А что, если… От новой мысли Василий похолодел до того, что даже натянул на себя шелковое одеяло. А что, если девица уже доложила о провале своей миссии, и вот-вот в темную опочивальню проскользнет новый гость — вот именно, гость, какой-нибудь пухленький юнец, к которым так благосклонны здешние сластолюбцы?
Василий взрычал, вскочил на постели — и замер. Откуда-то издали донеслась до него песня. Ситара [18] звенела, пресерьезный мужской голос напевал:
18
Струнный инструмент.
Василий тихо засмеялся и никак не мог остановиться. Занесенный для удара кулак опустился. Довольно биться с призраками, которые насылает воображение!

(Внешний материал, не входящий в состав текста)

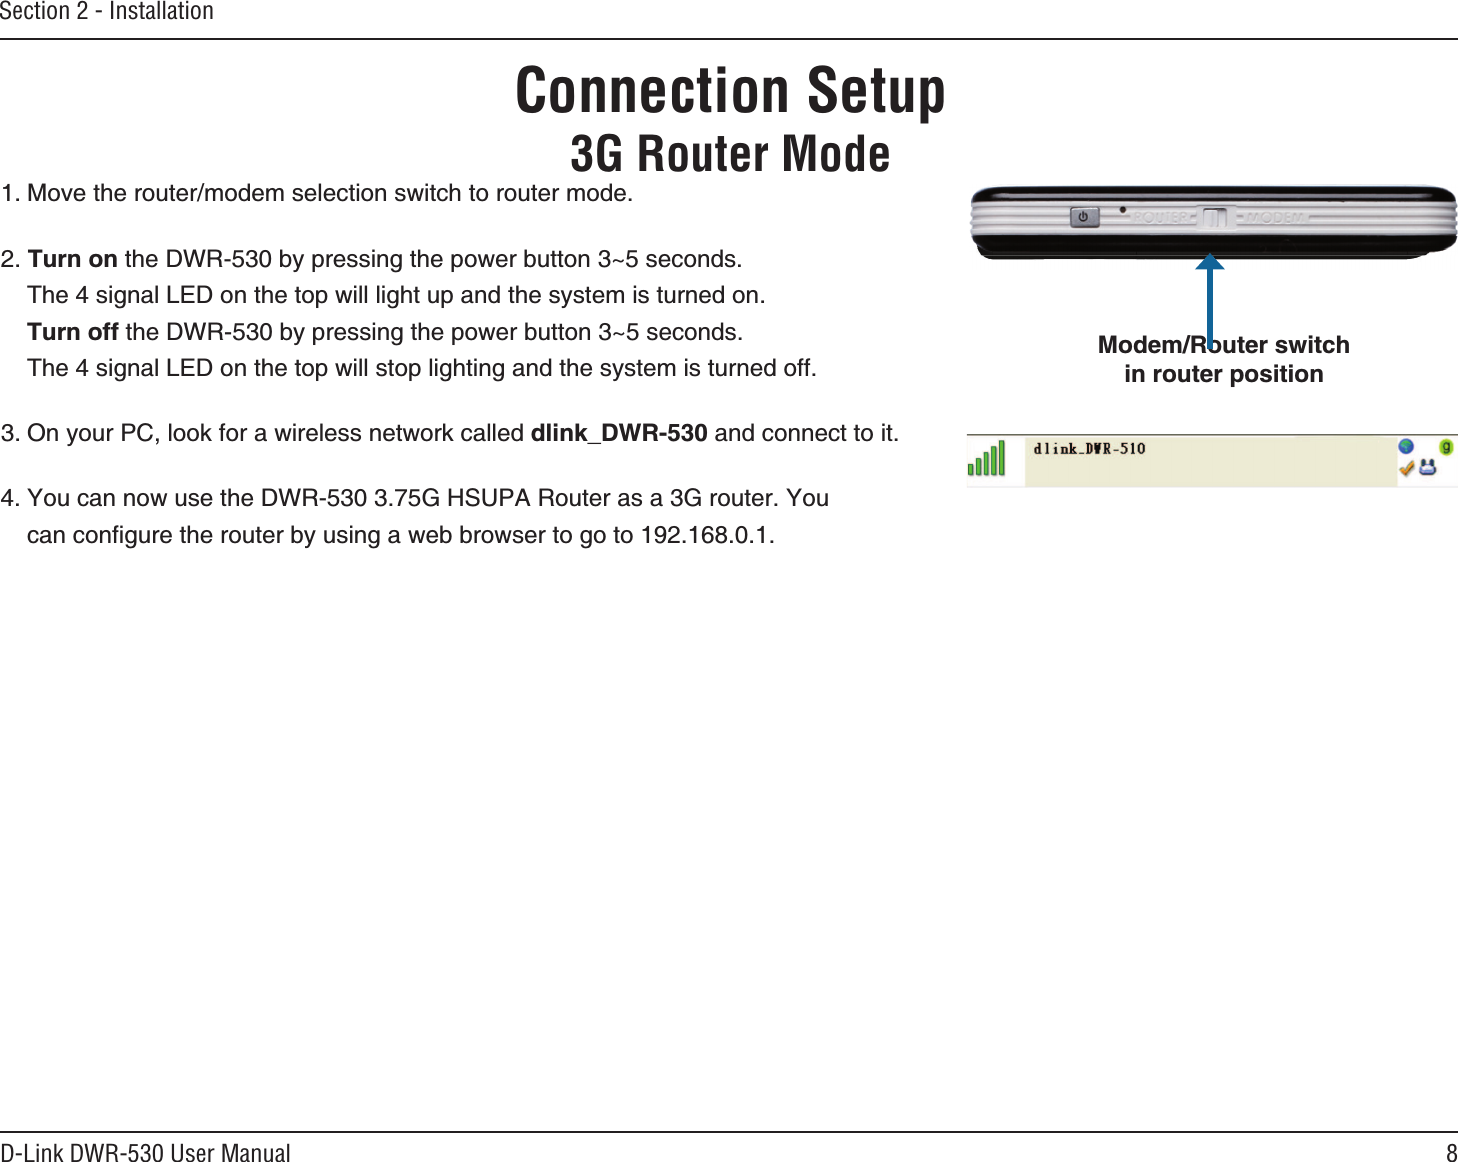 8D-Link DWR-530 User ManualSection 2 - InstallationConnection Setup3G Router Mode/QXGVJGTQWVGTOQFGOUGNGEVKQPUYKVEJVQTQWVGTOQFG6WTPQPVJG&amp;94D[RTGUUKPIVJGRQYGTDWVVQP`UGEQPFU6JGUKIPCN.&apos;&amp;QPVJGVQRYKNNNKIJVWRCPFVJGU[UVGOKUVWTPGFQP6WTPQHHVJG&amp;94D[RTGUUKPIVJGRQYGTDWVVQP`UGEQPFU6JGUKIPCN.&apos;&amp;QPVJGVQRYKNNUVQRNKIJVKPICPFVJGU[UVGOKUVWTPGFQHH1P[QWT2%NQQMHQTCYKTGNGUUPGVYQTMECNNGFFNKPMA&amp;94CPFEQPPGEVVQKV;QWECPPQYWUGVJG&amp;94)*572#4QWVGTCUC)TQWVGT;QWECPEQPſIWTGVJGTQWVGTD[WUKPICYGDDTQYUGTVQIQVQ/QFGO4QWVGTUYKVEJKPTQWVGTRQUKVKQP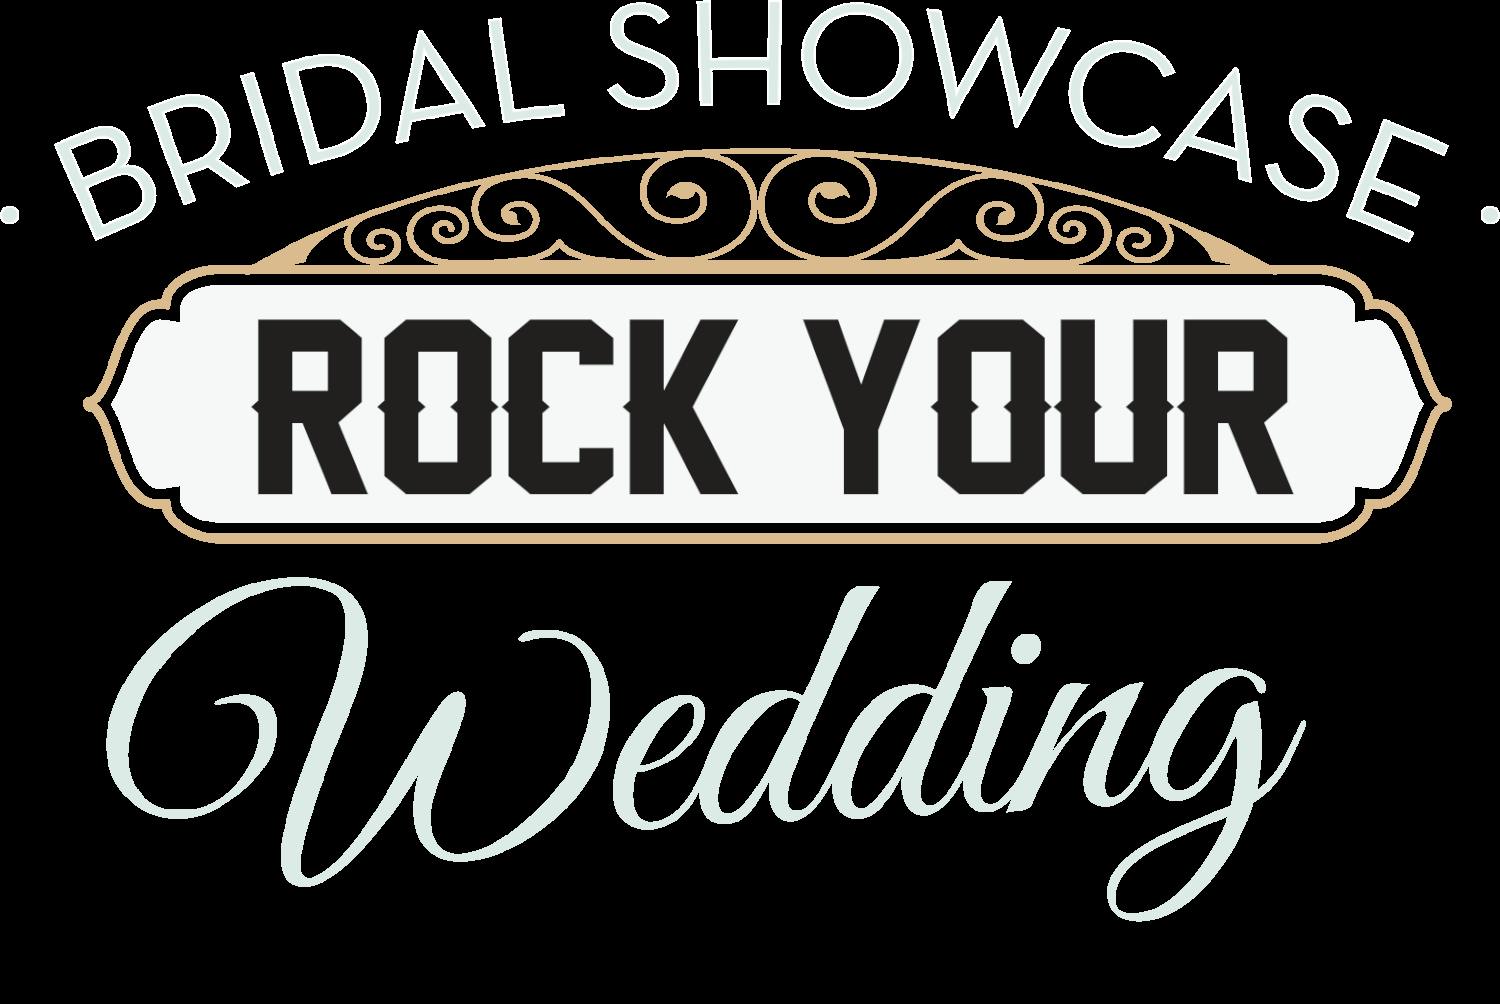 Rock Your Wedding -Bridal Showcase

Не на магараджу — на себя надо злиться! Сейчас больше всего он почему-то тревожился, как бы индусы не сочли его слабаком. А потому Василий успокоился только тогда, когда на веранде, нависшей над пропастью, на той самой веранде, на которую выходить, помнится, было запрещено, пробегал не менее четверти часа, вдыхая опьяняющий аромат тубероз, меряясь взором со звездами, готовый в любую минуту наступить на клубок змей, встретиться с тигром и леопардом одновременно, а также поймать в воздухе пучок вражеских стрел, прилетевших из темной глубины далеких джунглей.